Baru-baru ini Badan Pusat Statistik (BPS) merilis data kemiskinan yang diklaim paling rendah sepanjang sejarah Indonesia yakni sebesar 9,82 persen. Pemerintah menyatakan keberhasilannya dalam menurunkan persentase penduduk miskin hingga tinggal satu digit.
Dalam berita Resmi Statistik BPS dinyatakan bahwa jumlah penduduk miskin mencapai 9,82 persen pada Maret 2018, berkurang dibandingkan pada September 2017 yang mencapai 10,12 persen. Tercatat sebanyak 633,2 ribu orang yang terdiri atas 128,2 ribu orang di perkotaan dan 505 ribu orang di perdesaan berhasil lepas dari label penduduk miskin.
Tentu saja, keberhasilan ini perlu diapresiasi sebagai hasil jerih payah semua pihak, baik pemerintah pusat-daerah-desa maupun aktor pembangunan non-pemerintah (LSM, swasta, ormas dan lain-lain.
Ah Maftuchan, Direktur Eksekutif Perkumpulan Prakarsa menyatakan bahwa apa yang dirilis BPS merupakan data pemerintah, artinya sebagai data resmi. Secara akademik atau metodologi dapat dipercaya dan dipertanggungjawabkan.
Namun, data tersebut masih melihat kemiskinan dari kaca mata ekonomi saja (satu dimensi), yakni dari sisi pengeluaran per kapita. Artinya, BPS mendefinisikan kemiskinan hanya dengan mengukur kemampuan seseorang memenuhi kebutuhan dasar.

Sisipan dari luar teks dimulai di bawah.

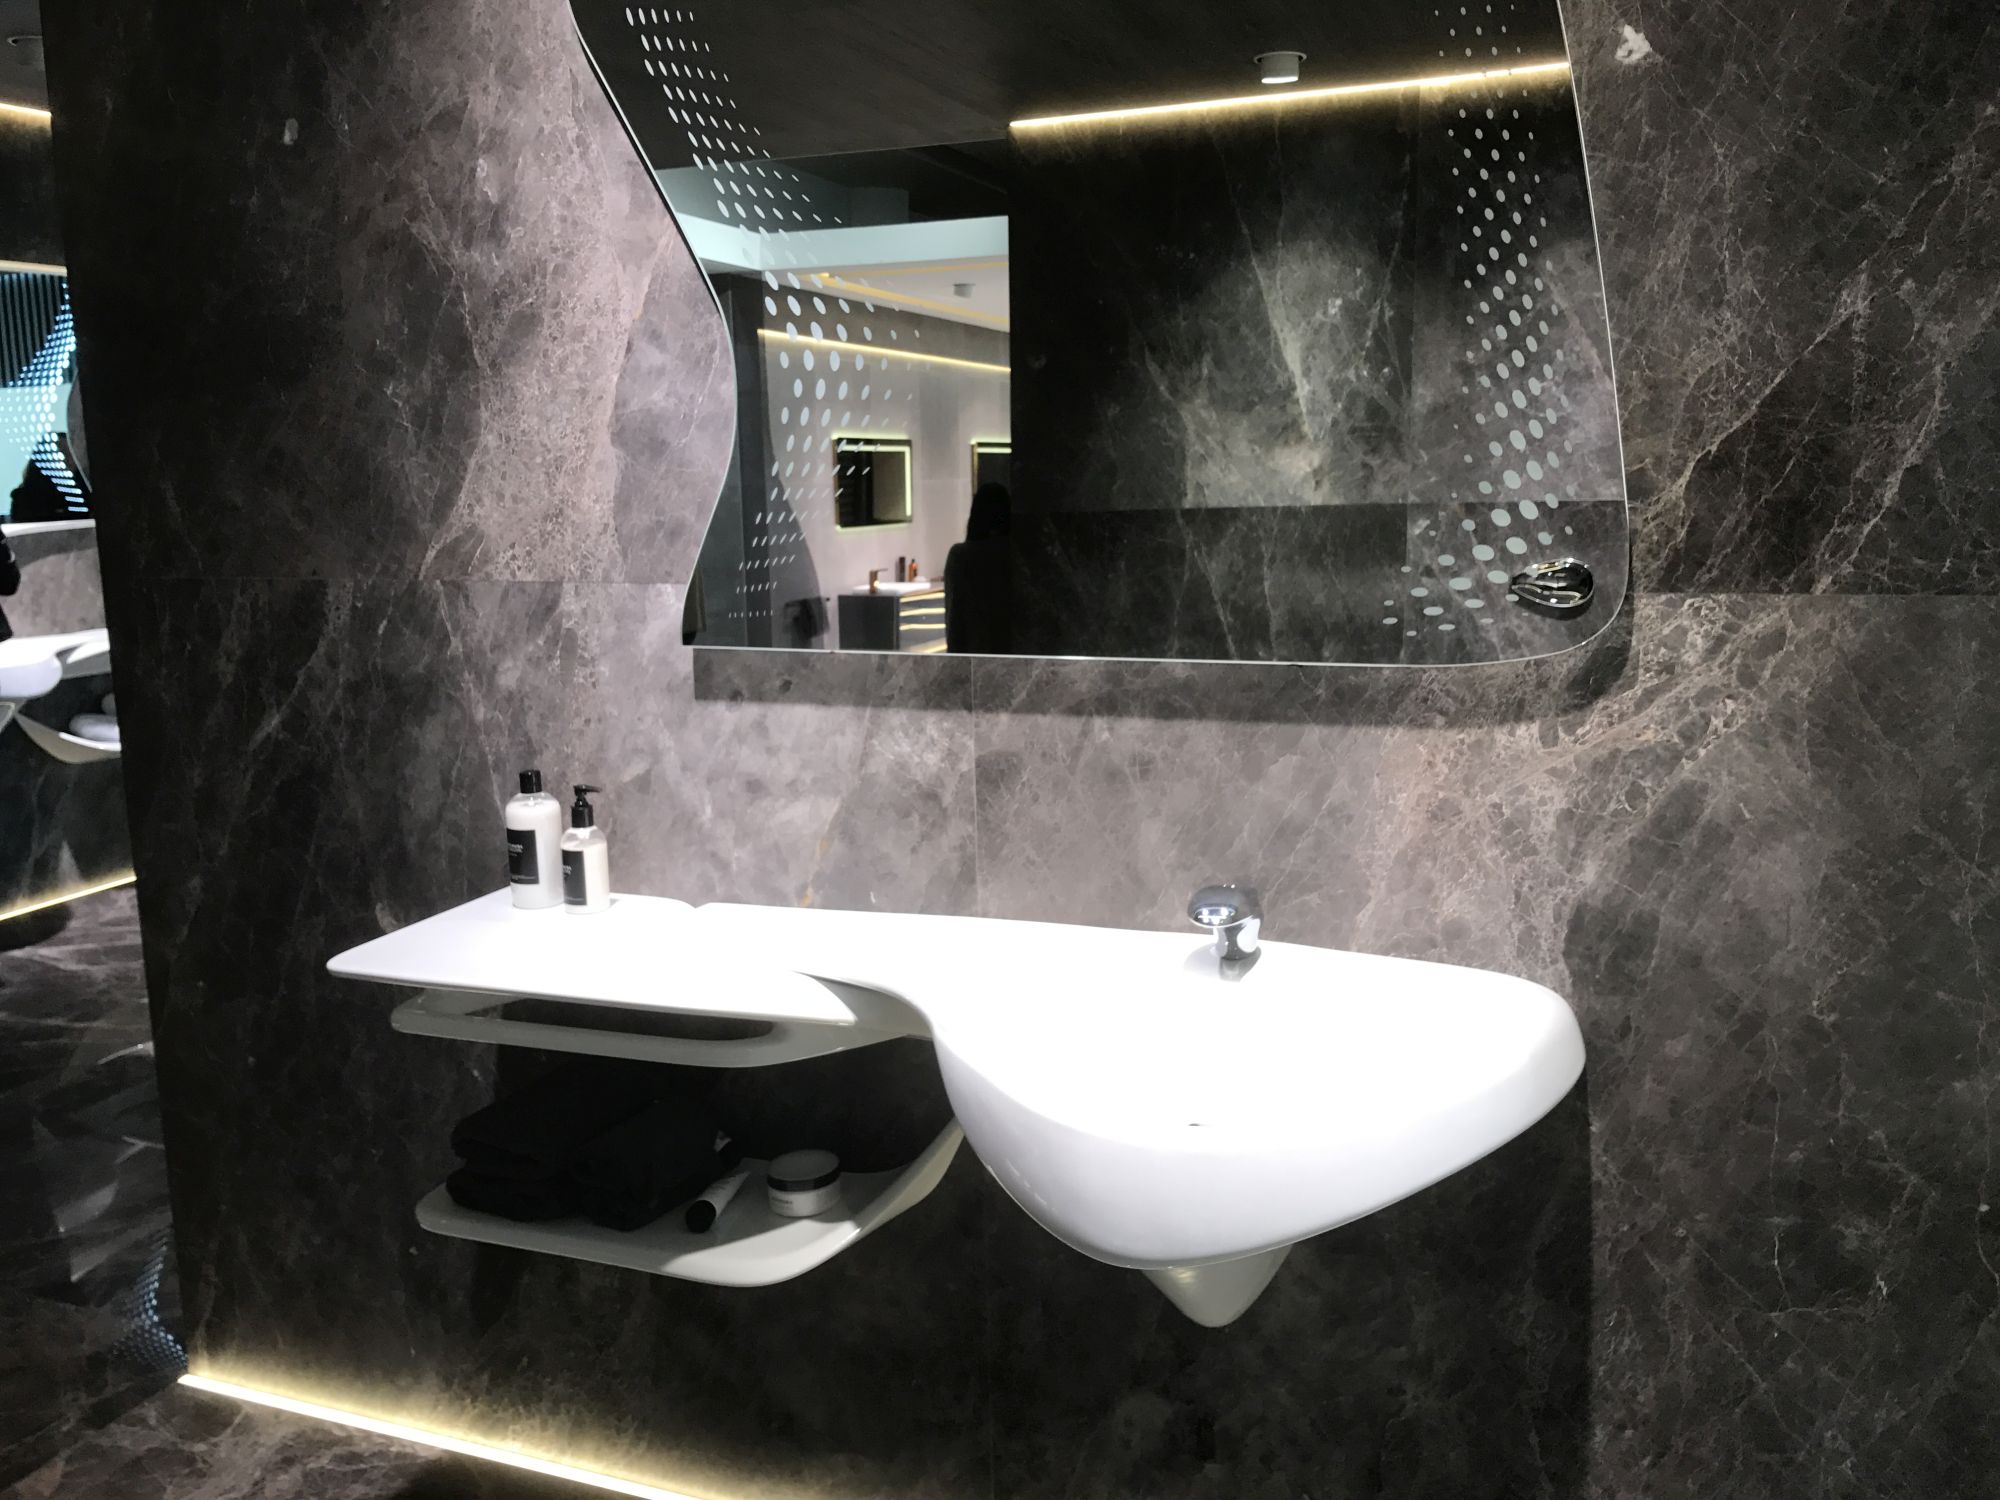 VITAE collection by Zaha Hadid, for Porcelanosa

Konsep ini melihat bahwa penduduk dikatakan miskin apabila rata-rata pengeluaran per kapita per bulan di bawah garis kemiskinan.
“Kita harus bergerak lebih maju, melampaui sekadar penurunan kemiskinan menuju penciptaan kesejahteraan yang lebih substantif. Kita harus membuat ukuran “kemiskinan relatif”, yakni ukuran yang dinamis dan mengacu pada standar kualitas hidup yang multi-dimensi misalnya dimensi kesehatan, pendidikan, perumahan, akses terhadap air bersih dan energi” kata Ah Maftuchan.
Sudah semestinya momentum capaian angka kemiskinan satu digit ini harus digunakan untuk melakukan lompatan-lompatan kebijakan yang lebih progresif dalam penurunan kemiskinan. Agenda pembangunan perlu dipertegas melampaui penurunan garis kemiskinan yaitu dengan menciptakan kesejahteraan dan kualitas hidup yang lebih baik. Agar dapat mengarah kesana, diperlukan sebuah konsep yang dapat melihat kemiskinan secara lebih holistik.
Pendekatan multi-dimensi dalam melihat kemiskinan akan membantu pemerintah dan pihak lain yang terlibat dalam agenda ini untuk bisa melihat kemiskinan yang mendekati kenyataan riil di lapangan. Upaya ini dapat membantu penyusunan kebijakan program yang lebih terukur dan sesuai dengan apa yang sebenarnya dibutuhkan oleh penduduk miskin.
Perkumpulan Prakarsa telah melakukan penghitungan Indeks Kemiskinan Multidimensi di Indonesia pada tahun 2012-2014. Hasil penelitian menunjukkan bahwa perhitungan angka kemiskinan dengan pendekatan kemiskinan multidimensi lebih besar dibandingkan dengan angka kemiskinan moneter. Sebagai contoh pada tahun 2014, Prakarsa menghitung penduduk yang miskin mencapai 29,7 persen, sementara angka kemiskinan moneter tercatat hanya 11,3 persen. Hal ini menunjukkan terdapat gap penduduk miskin yang tidak terpotret oleh pemerintah karena indikator penentuan penduduk miskin yang hanya satu dimensi.
Oleh karenanya, pemerintah perlu mulai melakukan penghitungan kemiskinan secara multidimensi tidak hanya dari sisi pemenuhan kebutuhan dasar. Mengingat bahawa hal ini bukan hanya tugas pemerintah, kami Perkumpulan Prakarsa, sebagai bagian dari masyarakat sipil siap membantu jika pemerintah memerlukan dalam penyusunan Indeks Kemiskinan Multidimensi.
Ah Maftuchan juga menambahkan bahwa untuk percepatan kesejahteraan, pemerintah harus segera memperkuat program sosial semisal basic income, padat karya, jaminan kesehatan semesta sekaligus mendorong pembangunan SDM sehingga dapat menurunkan tingkat pengangguran dan meningkatkan pendapatan.